Mark Lahaie, MJR Development partner, sat in the audience and heard the citizen concerns and suggestions. Barner suggested that community members meet with Lahaie to discuss their concerns with him personally.

"I'm hopeful we can find some common ground here...we have some tremendous resources and citizens who have experience...we still have a window of opportunity to make changes," said Barner.

The next Port of Olympia meeting is Monday, January 25, at 5:30 p.m. held at the LOTT Board Room, 111 Market St. NE. For more information, contact the Port at 528-8000 or go to www.portolympia.com.

To contact Mark Lahaie at MJR Development, call (425) 822-4466 or email him at mark@mjrdevelopment.com.

Above: Krag Unsoeld, left, Agnieska Kisza, Mariusz Kowaleswski and Monica Hoover talk in the hallway after the port meeting last night.

1 comment:

  1. Thanks for the report, Janine.

    The whole idea of development (and especially luxury development) downtown, in what is the predicted flood zone, makes me cringe.

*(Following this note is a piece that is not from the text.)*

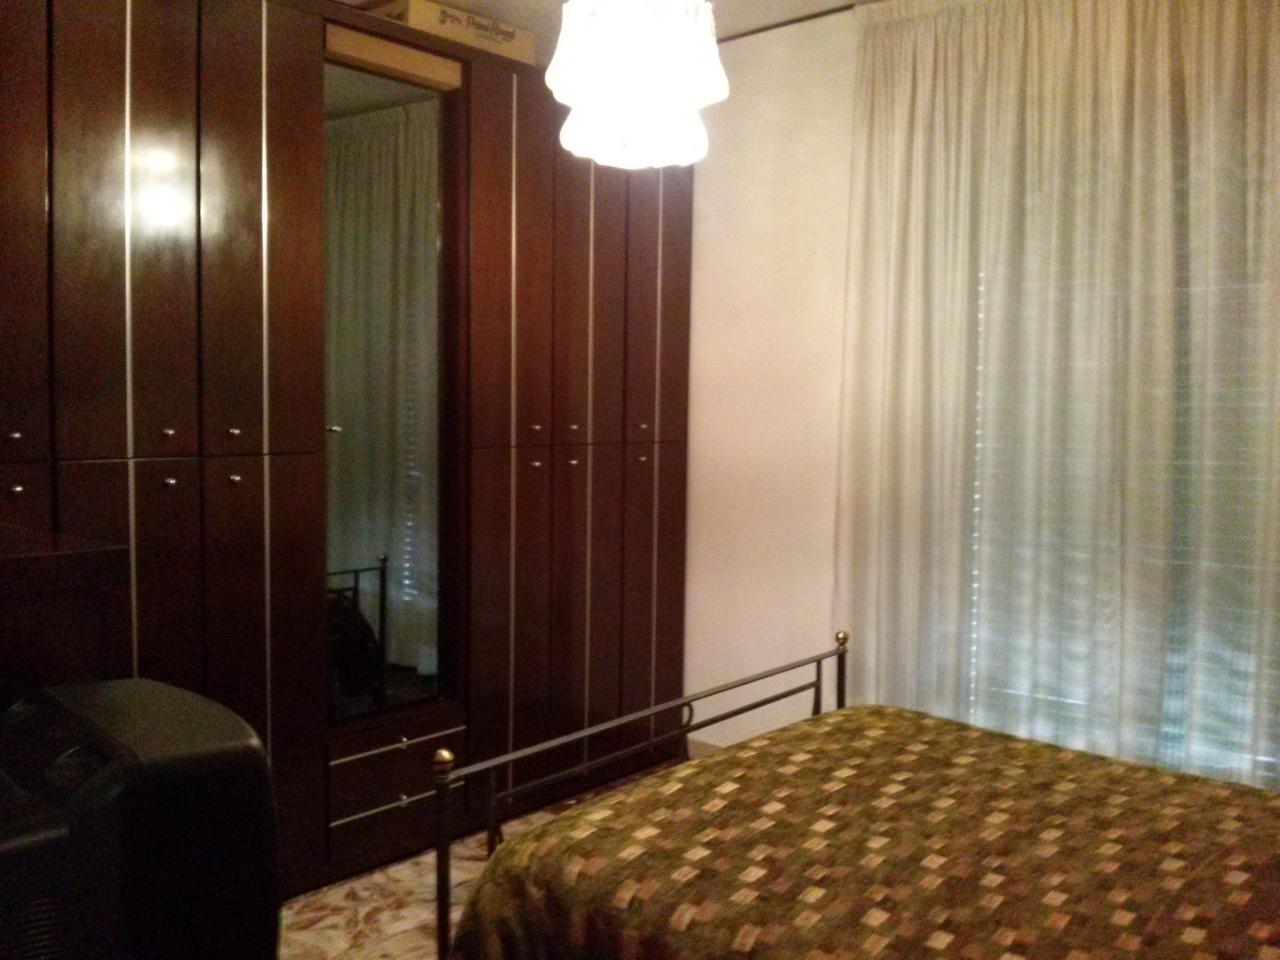 Appartamento in vendita a Ascoli Piceno, 4 locali, zona Località: P.taRomana, prezzo € 130.000 | Cambio Casa.it

    To me, it makes the most sense, prior to investing in any major developments in the downtown flood plain, to first ensure meeting two important objectives: 1) that measures and mechanisms are in place to protect the low-lying flood prone areas of downtown from rising sea waters, and 2) that Olympia and the surrounding region invests in the necessary changes so that the region is no longer continuing to contribute to global warming, to climate change / climate disruption, and to rising sea levels. It seems to me that it needs to be among the very topmost priorities of the region to urgently address the issue of continued production of greenhouse gas pollution.

    The Olympia that I imagine is carbon neutral, truly holistically sustainable, and living in harmony with the natural world. And I think it makes sense, given the gravity and momentum of the environmental degradation we're facing, to push for achieving this vision of true sustainability within seven years.

    For me, consideration of development in the flood plain, or consideration of any major development (especially luxury hotels,) is out of the question until we figure out what it will take, and how, to become sustainable.